Day Traders Diary

6/28/21

The major averages closed mixed with the S&P 500 making new highs boosted by a court win for Facebook and broad strength in tech stocks.

The S&P 500 ticked up 9 points or 0.23% to 4.290 for its third-straight record close, while the Nasdaq rose 140 points or 0.98% to an all-time closing high of 14,500. The Dow Jones Industrial Average, however, slid 150 points to 34,283.27 as energy and transport stocks came under pressure.

Tech stocks were in the driver's seat on Monday, with shares of Apple and Salesforce adding more than 1%. Facebook jumped more than 4% after a U.S. federal court dismissed an antitrust case against the company from the Federal Trade Commission and closed with a market cap above $1 trillion. Semiconductor stocks were a bright spot on Monday, with Nvidia 5% and Broadcom climbing more than 2%.

Aerospace giant Boeing weighed on the Dow, with shares falling more than 3% after regulators told the company it is not likely to receive certification for its long-range aircraft until mid-to-late 2023. CEO Dave Calhoun earlier this month said it expected certification in the fourth-quarter of 2023.

Jeff Mills, the chief investment officer at Bryn Mawr Trust, said recent strength for tech could be part of a continued unwinding of the outperformance of cyclical stocks from earlier in the year.

Monday's moves came as Treasury yields retreated across most maturities, with the benchmark 10-year Treasury yield sliding to about 1.48%. Yields move inverse of prices.
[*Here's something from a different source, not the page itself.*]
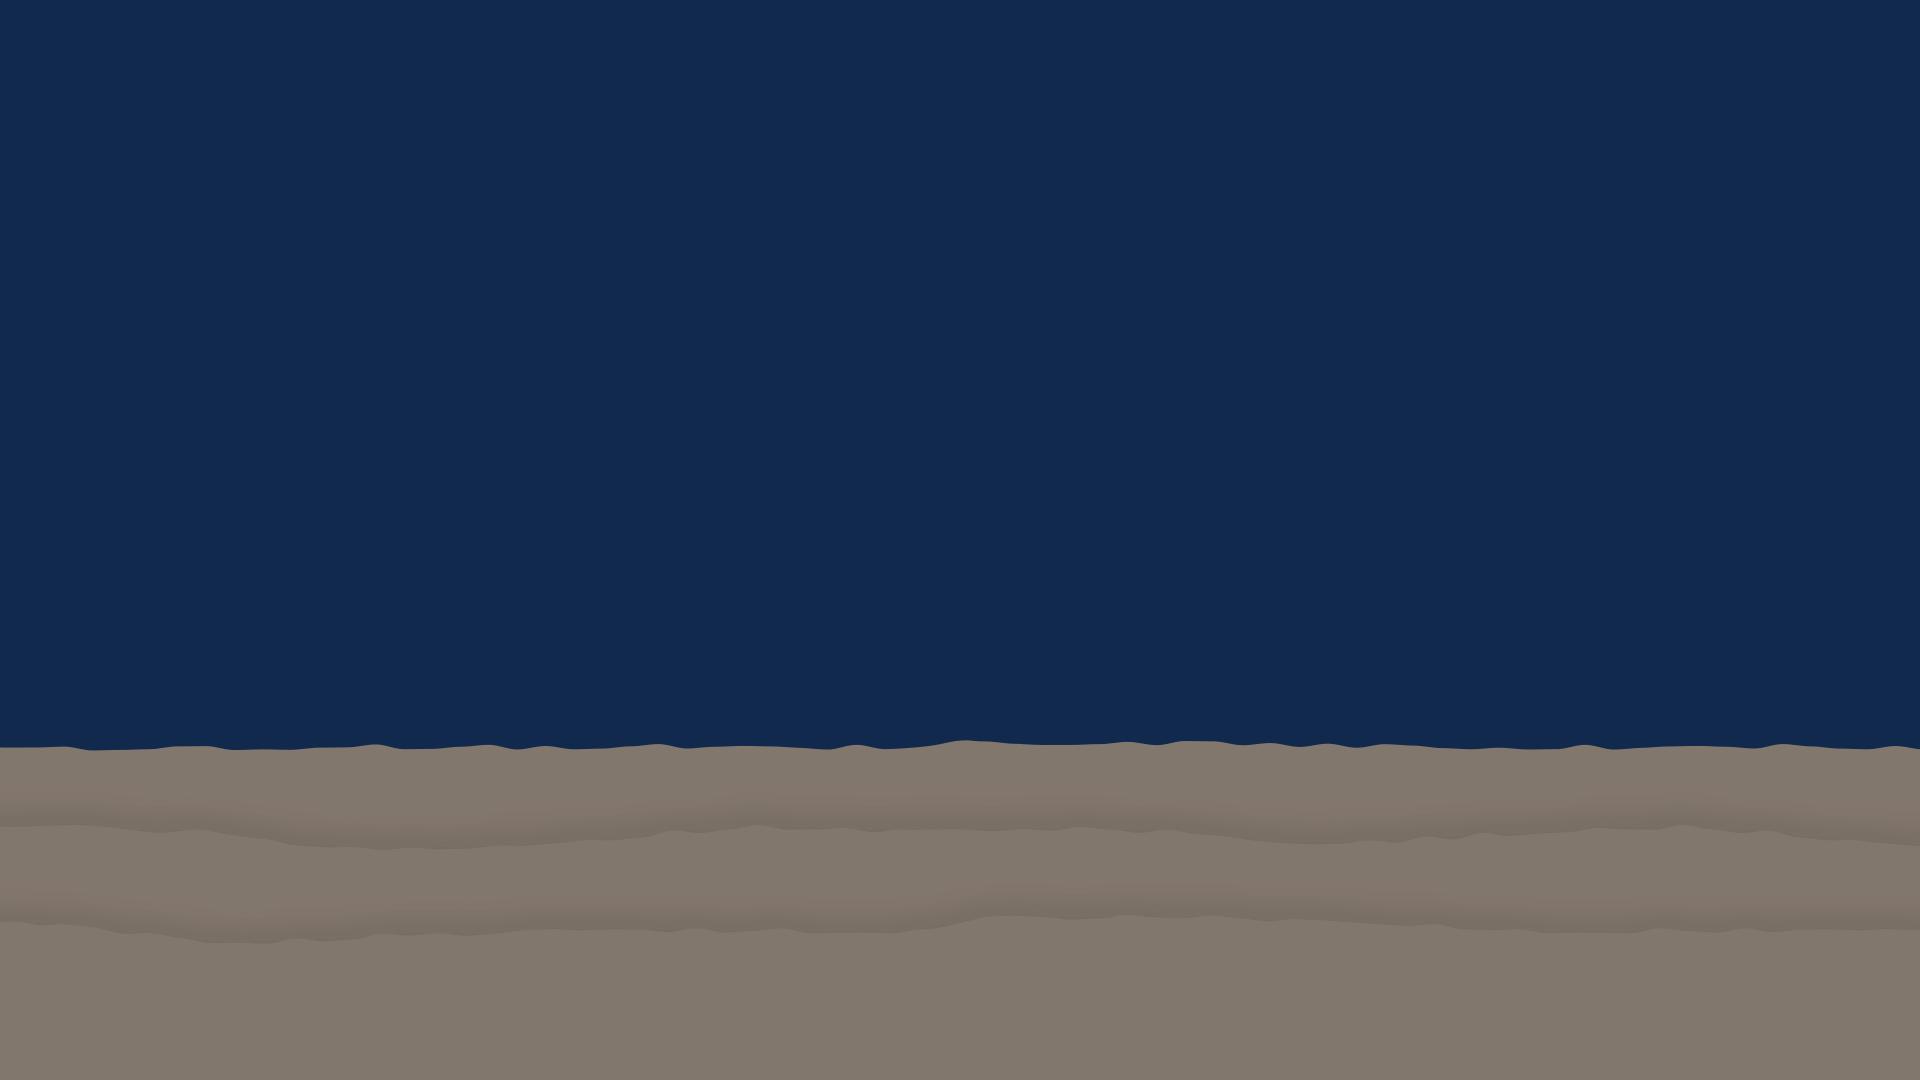 Noire Background

Stocks finished their best week in months on Friday as investors are growing more confident the current inflation in the U.S. is not a sustained economic threat, but a temporary uptick.

The S&P 500 ended Friday at a closing record high of 4,280.70, while the Dow rose 237 points. While the Nasdaq Composite closed just lower on Friday, it added 2.35% for the week, its best since April 9 and is up 4.45% for the month of June.
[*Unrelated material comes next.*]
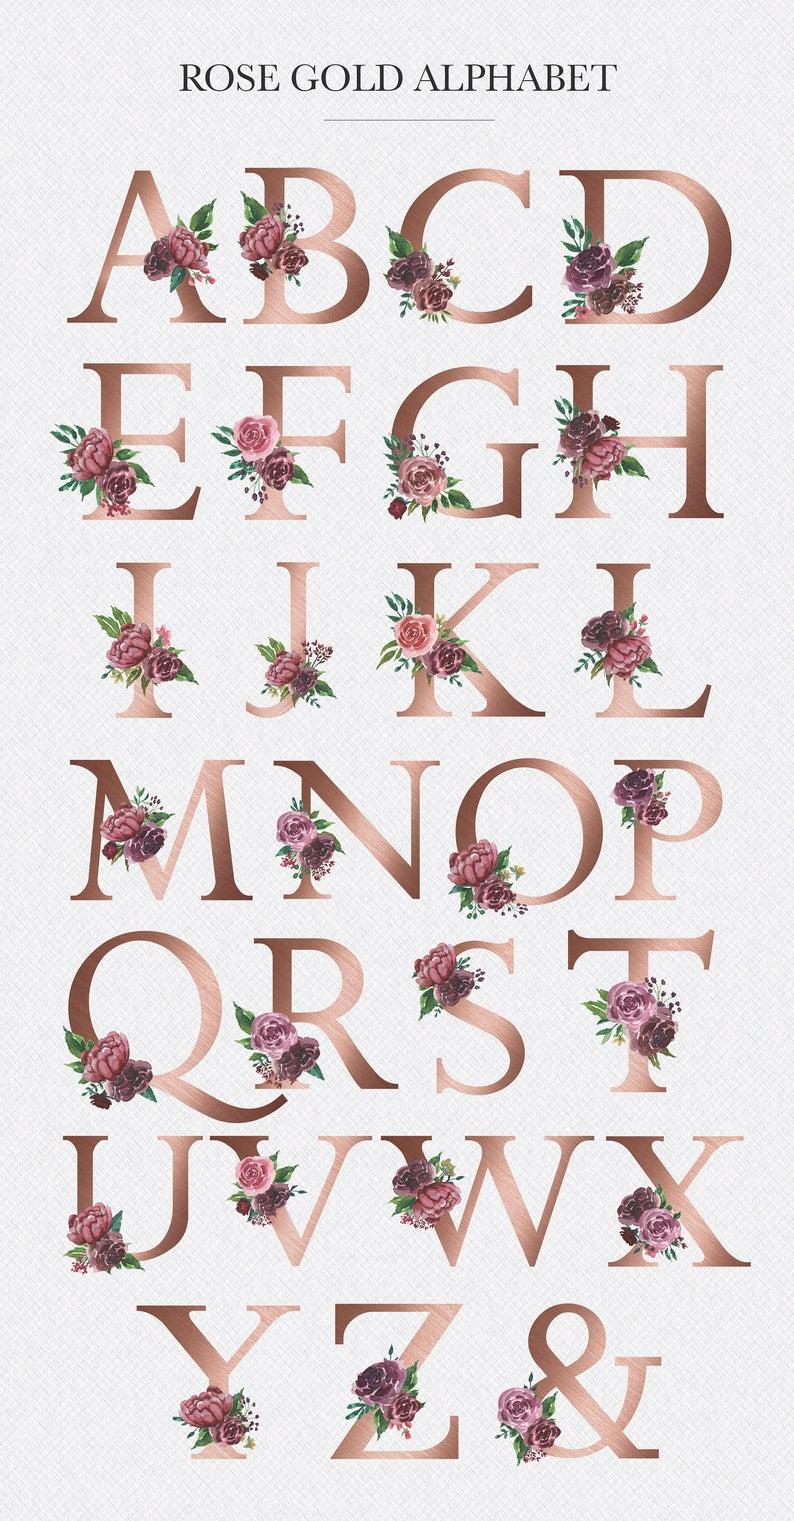 Watercolor Floral Alphabet | Rose Gold Alphabet | Monogram Letters | Forest Clipart| embellished floral alphabet | Decor Art Flowers - #alphabet #art #clipart #Decor #embellished #Floral #flowers #forest #gold #Letters #monogram #rose #Watercolor

The weekly gains came even after the Commerce Department reported that its inflation indicator rose 3.4% in May, the fastest increase since the early 1990s.

Spikes in the core personal consumption expenditures price index can cause heartburn for investors since the Federal Reserve likes to watch it for signs of inflation. Still, the month-over-month rise actually undershot what economists polled by Dow Jones had forecast and reinforced for investors that the economy-wide price increases are likely to be transient and manageable.
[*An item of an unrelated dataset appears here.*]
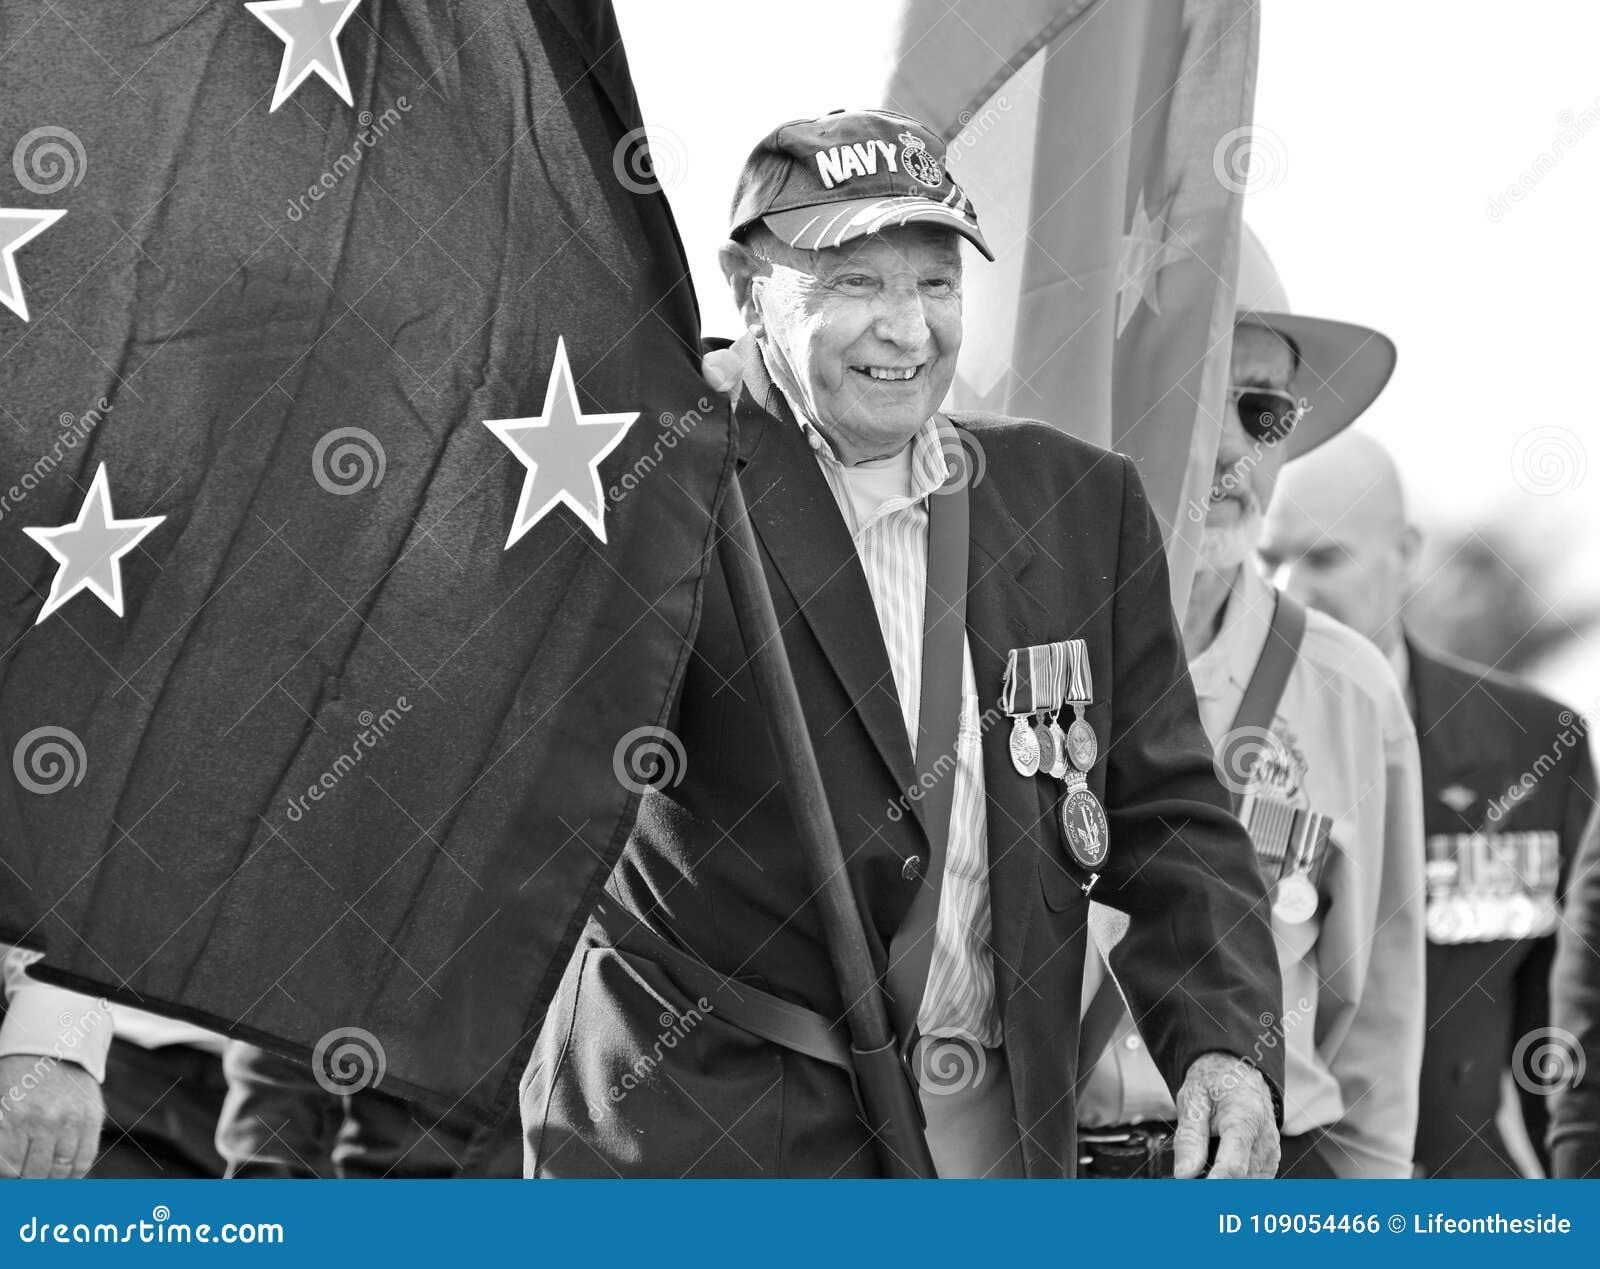 Old Australian Navy veteran leads Anzac Day parade flag bearer

A massive, bipartisan infrastructure deal appeared revitalized as of Sunday evening after President Joe Biden clarified on Saturday that he doesn't plan to veto the legislation if it comes without a separate reconciliation bill favored by Democrats. Republican senators then said on Sunday that the deal can move forward.

The president, flanked by a bipartisan group of senators, declared on Thursday that the group had reached a multibillion-dollar deal to improve the nation's roads, bridges, waterways and broadband after weeks of negotiation. Democrats have been pushing for a second bill that would include funding for issues like climate change, child care, health care and education.